After last week’s post you know I’m all for celebrating good things but when people’s timelines are inundated with people showing off “perfect” lives it can be isolating for individuals who feel like their real lives don’t look like that. When the majority of photos are glamorously happy posts about our successes and accomplishments, concerts, beach trips, nights out and leisurely afternoons – people might think that’s how life always is. Which is problematic because it’s not a real representation of life.

There is a lot that gets left out of the narrative of our lives and I wonder if it’s truly productive to showcase the best parts of our lives. Sadness, an emotion that plays a large role in the human experience is generally excluded from the visual portrayal of our lives because it’s “too vulnerable” or “not appropriate”. Do we need to at least explicitly admit I’m only showing you the good stuff?

One of the biggest things I learned in my ‘hiatus’ was that you actually know very little about how people are doing based off of what they post. You can’t watch an Instagram or Snapchat story and assume you know how that person is doing. If you want to know about someone’s life you need to intentionally communicate with them.

Posting with Purpose

When I started using Instagram again I wanted to use the platform to communicate something meaningful. I don’t want to just curate a nice aesthetic or post things so people think my life looks a certain way. I admire when people post authentic and honest things about their lives – not just the highlights. I studied aesthetics in an art, culture and communication course and my favourite thing the prof always told us was that good art can’t just be pretty, it has to be informed by theory. It might be a stretch to say Instagram is art but I like the idea that the photos you take and the reason you post them are informed by more than just wanting to look like you have a pretty life.

I created 3 loose guidelines for myself to follow before posting to assess if the photo lined up with things I really value and want to share with others.
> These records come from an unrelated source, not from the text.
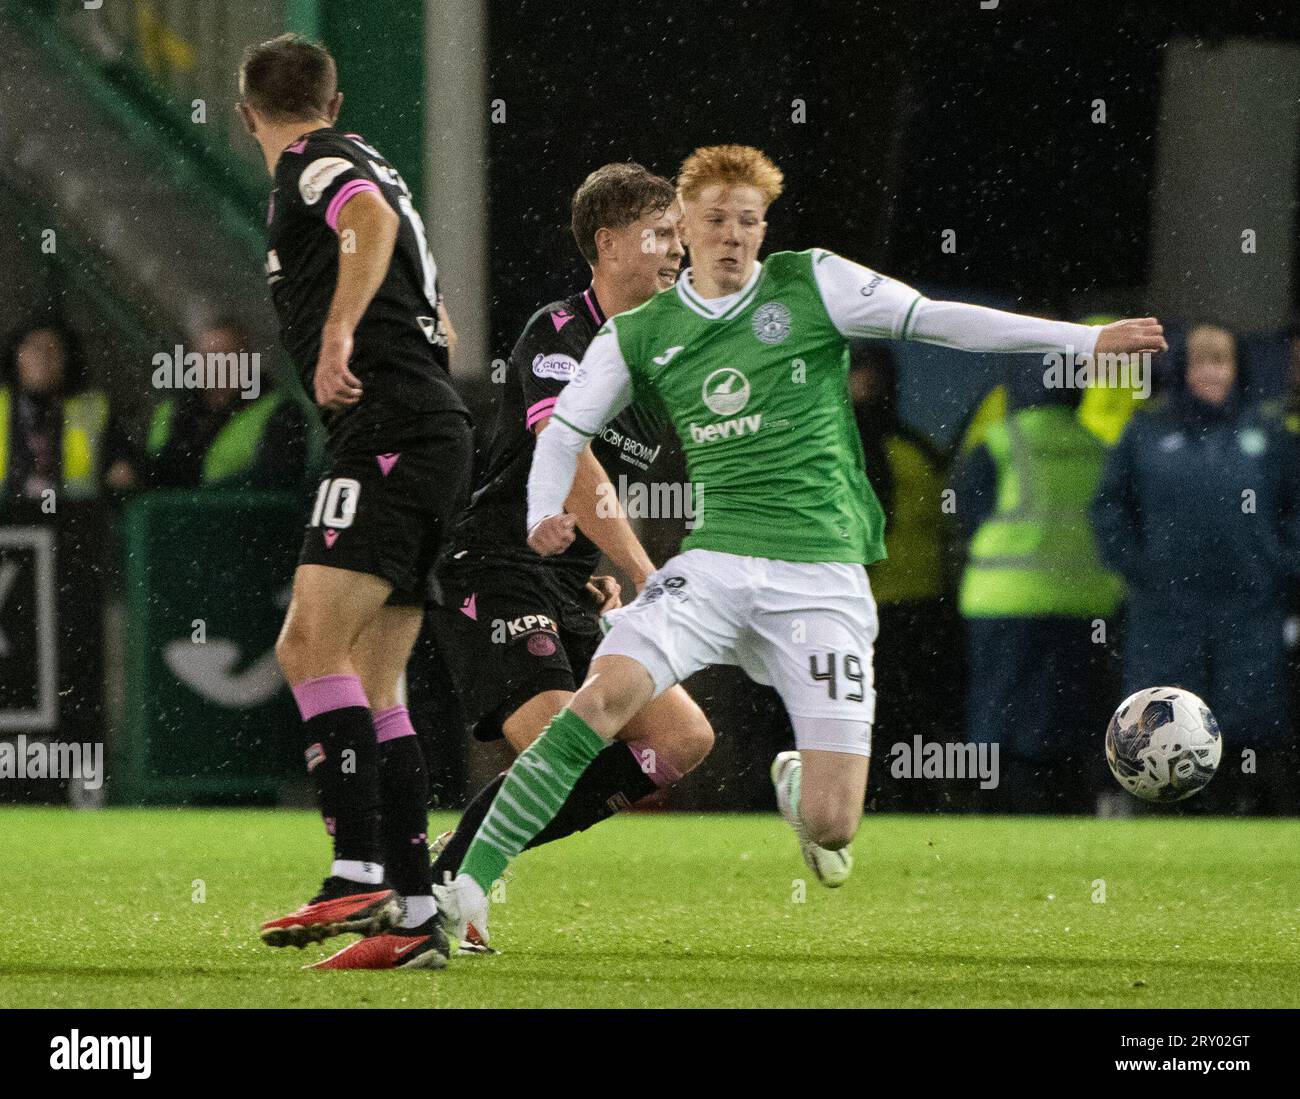 Scottish League Cup quarter final - Hibernian FC v St Mirren FC 27/09/2023 Hibs’ youngest ever player, Rory Whittaker, as Hibs take on St Mirren in the Scottish League Cup quarter final at Easter Road Stadium, Edinburgh, UK Credit: Ian Jacobs Stock Photo
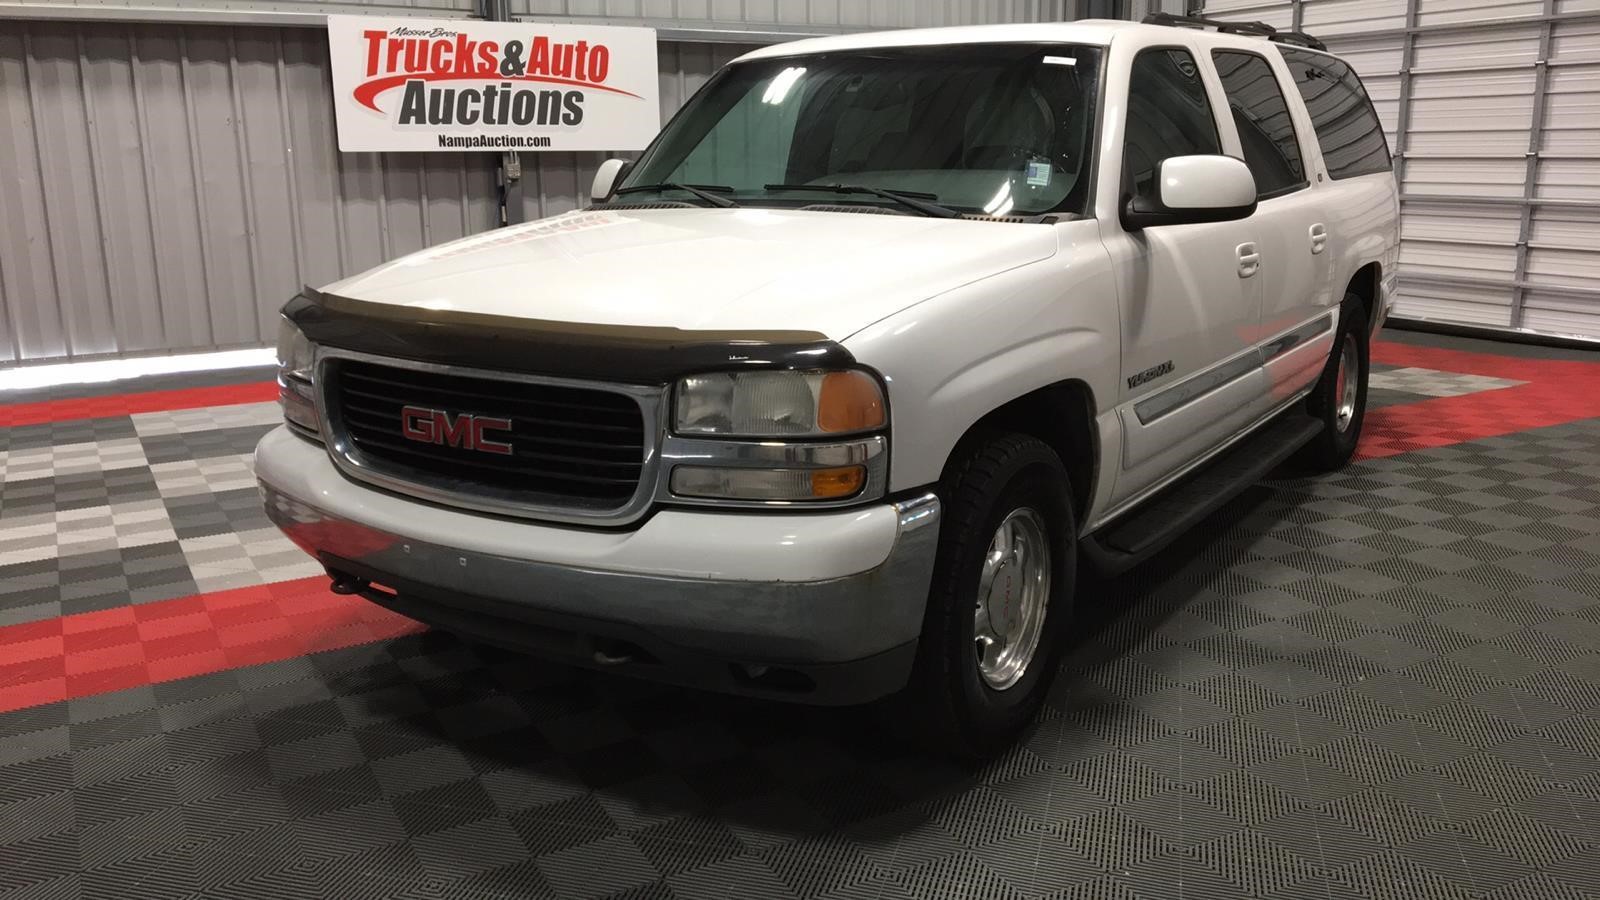 102617 Trucks & Auto Online Only Auction
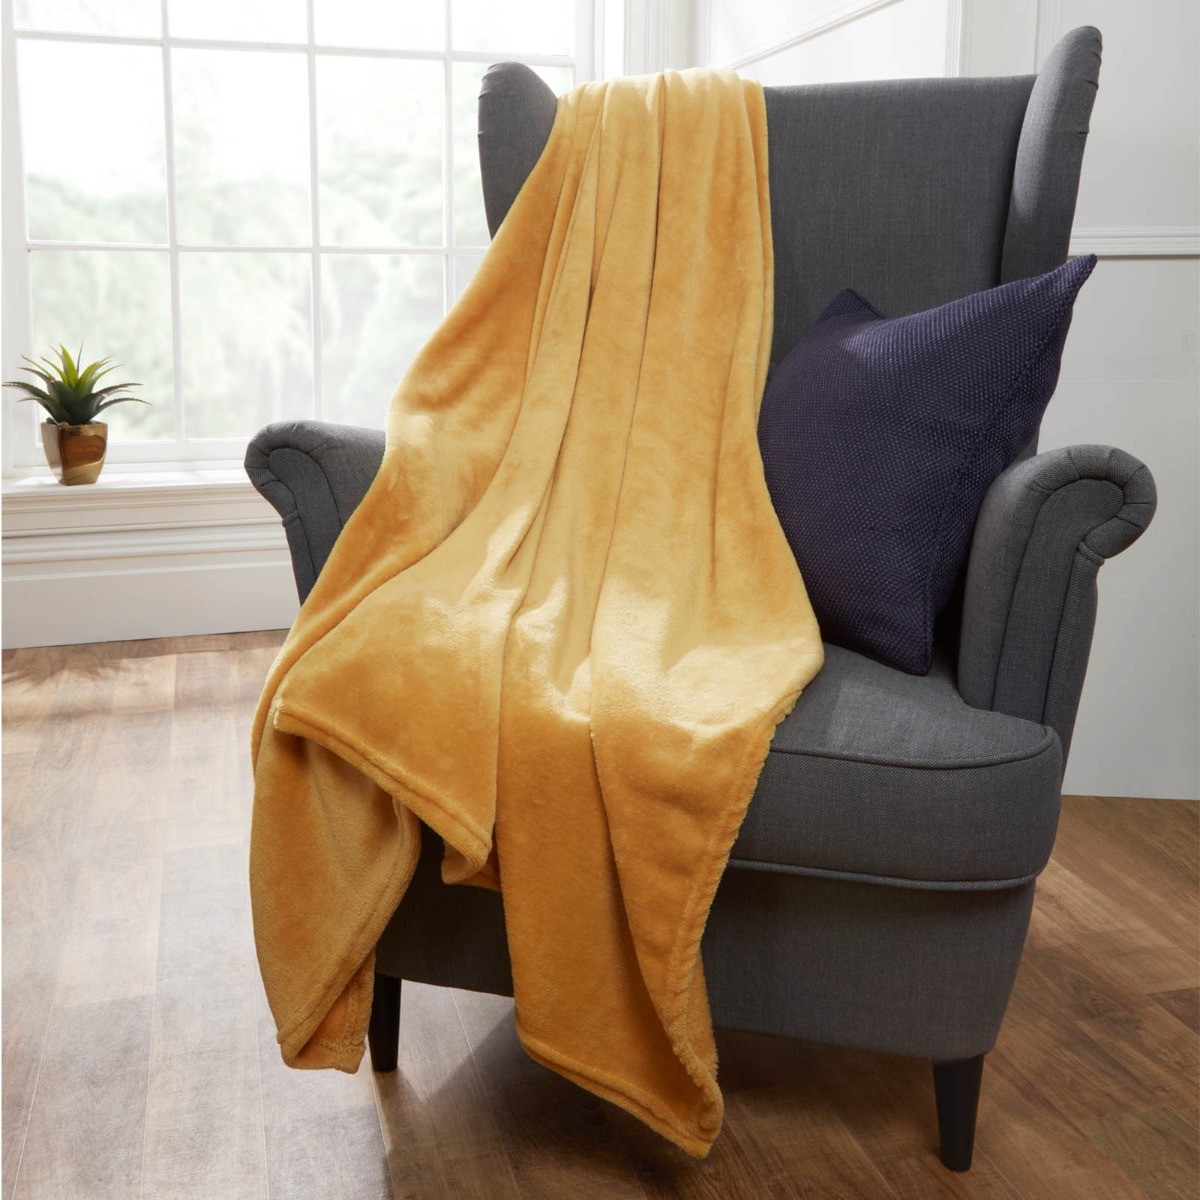 Brentfords Supersoft Throw, Ochre Yellow - 60 x 80 inches>

Rules, however, were meant to be broken so I don’t follow them 100% of the time. They are:

  1. The photo is from a meaningful event or celebrates a meaningful person (because relationships and the people in my life matter to me a lot)
  2. The photo communicates an important message (after all, social media is an effective form of communication so if there is something important to say it’s a good place to say it)
  3. The photo is honestly just beautiful and I would frame it on my wall (98% of the time this rule applies to nature photos)

The Big Picture 

If I learned one thing in the Speech Communication program, it was to always be a critical thinker and a critical consumer of media. Remember the posts you see are generally the highlights, not the everyday, and if your life isn’t aesthetically pleasing all the time that is okay. Social media might not have a disclaimer that we are only showing the good stuff, and some people do get pretty authentic with the things they share, but be mindful that people’s lives are bigger than what you see and one post is not the whole picture.

Along with encouraging critical consumption I want to suggest is that the posts you should be critical of are your own, and only your own. Be a critical creator and don’t be afraid to ask yourself why you share thing things you post.